Click on my name and you can see pics on how gorgeous she is!
I will try and pm you with the breeder's info. She isn't really computer savy, so no website.


----------



## Molly's Mom (Jan 1, 2007)

Welcome Mixxy. I'm the other Buffalonian with a Molly. My Molly will be 2 in November. I got her from a family in North Tonawanda through an ad in the Buffalo News. Once I joined this forum I found out that is not the way to buy a puppy, but everything turned out well for us. Molly is a healthy fabulous dog and I wouldn't trade her for anything. Please pm me once your able to send pm's and I'll send you the contact information if you want it. Good luck with your search.


----------



## katieanddusty (Feb 9, 2006)

Are you anywhere near here? www.adirondac-goldens.com The dogs have all the clearances they should, and the breeder is REALLY nice. I almost got a puppy from her a few years ago and everyone I talked to was really happy with her.
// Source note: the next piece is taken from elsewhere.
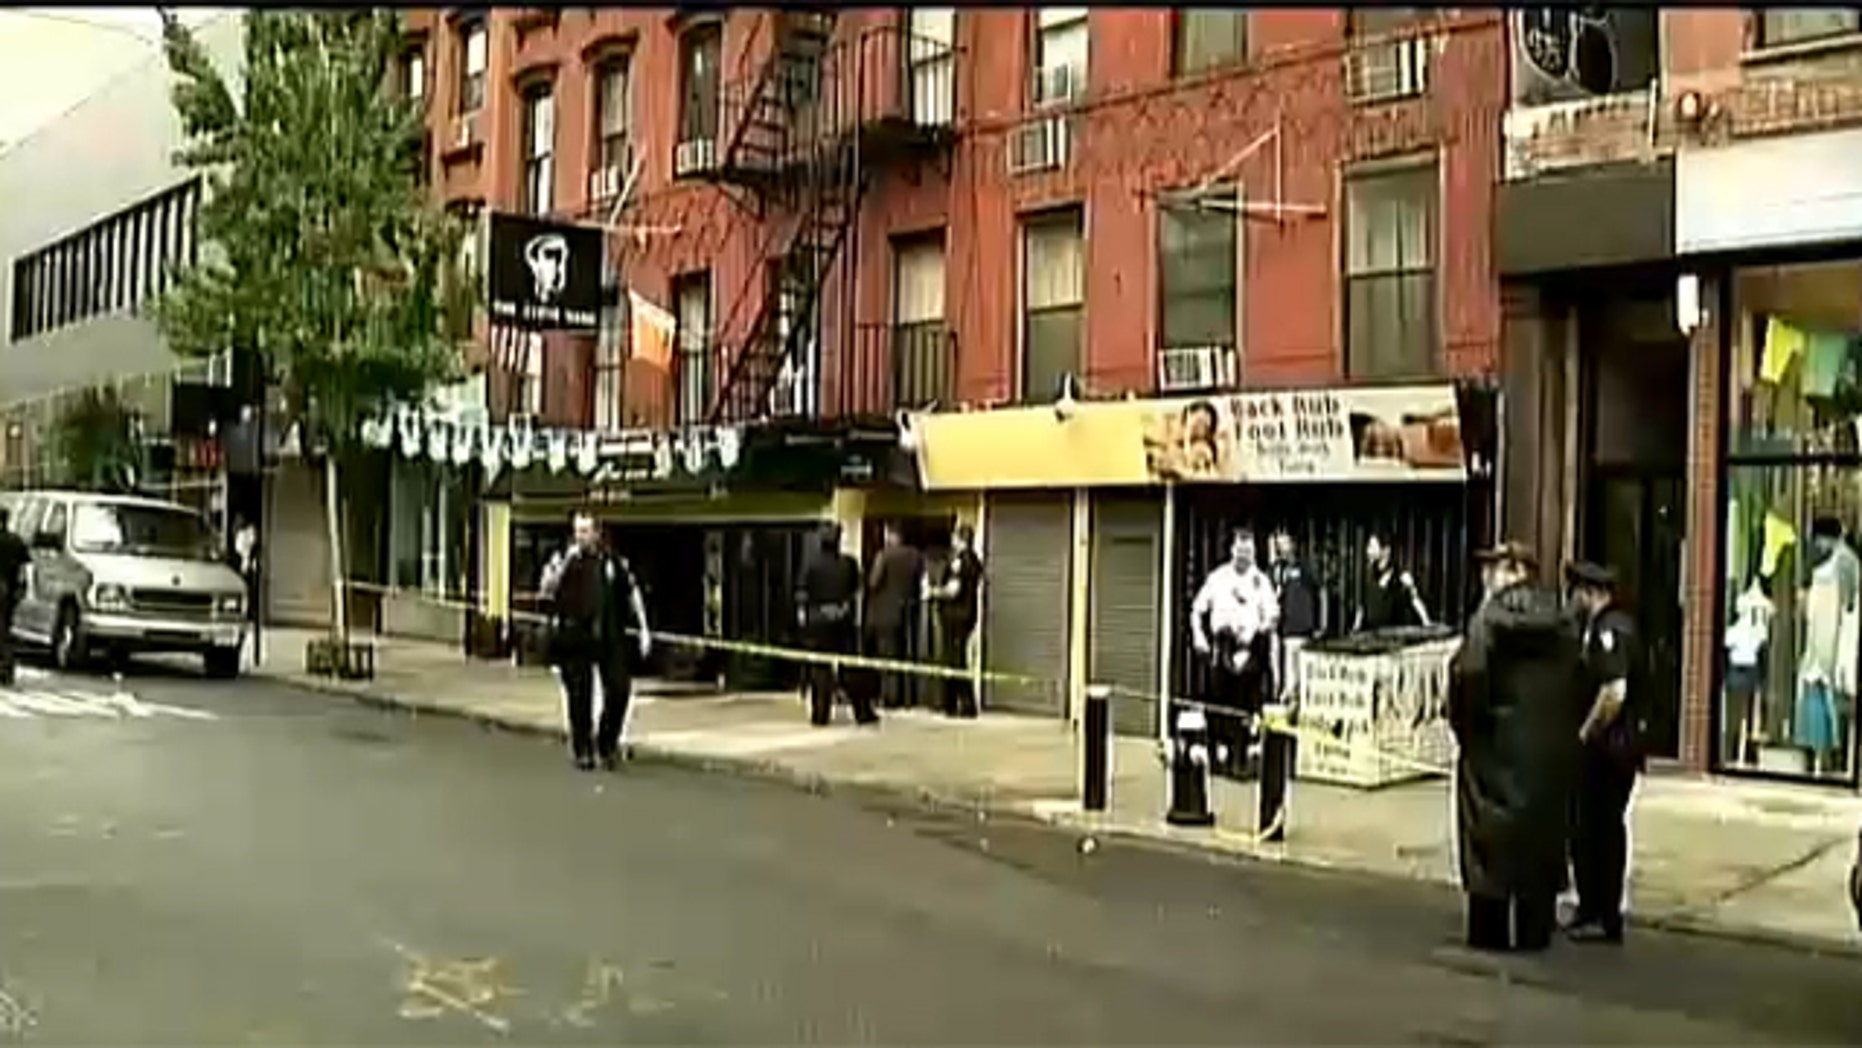 Aug. 27, 2012: Investigators work outside apartment building where woman found dead.

It'd definitely be worth the trip even if it's a little far away.


----------



## Michelle4 (Dec 1, 2007)

Molly's Mom said:


> Welcome Mixxy. I'm the other Buffalonian with a Molly. My Molly will be 2 in November. I got her from a family in North Tonawanda through an ad in the Buffalo News. Once I joined this forum I found out that is not the way to buy a puppy, but everything turned out well for us. Molly is a healthy fabulous dog and I wouldn't trade her for anything. Please pm me once your able to send pm's and I'll send you the contact information if you want it. Good luck with your search.


 
North Townawanda... I wasn't even close with Gasport!!
Maybe same time difference but that is it!


----------



## mixxy2 (Jul 24, 2008)

Thank you for that information Michelle!


----------



## Michelle4 (Dec 1, 2007)

mixxy2 said:


> Thank you for that information Michelle!


you are welcome!


----------



## AmbikaGR (Dec 31, 2007)

Welcome to the forum. Try some of the Golden Retriever Clubs websites for breeder referrals

Golden Retriever Club of Western NY
http://grcwny.org/

Cuyahoga Valley Golden Retriever Club (Ohio)
http://www.cvgrc.org/

A complete listing of GRCA member clubs can be found here
http://www.grca.org/localclubs.asp

The GRC of Greater Toronto
http://www.grcgt.org/

And also the Canadian Clubs are listed on the GRCC
http://www.grcc.net/

Good luck in your search


----------



## mixxy2 (Jul 24, 2008)

Hey thanks to everyone for the responses!!!!


----------



## jhaenle (Jul 23, 2008)

I know this was awhile ago but did you find a breeder? We will be looking soon. We live in Hamburg.
Thanks.


----------



## SunGold (Feb 27, 2007)

Didn't realize this thread was so old! Did you get a puppy?

I was going to recommend Mary MacQueen - www.nitrogoldens.com - her dogs are fantastic!


----------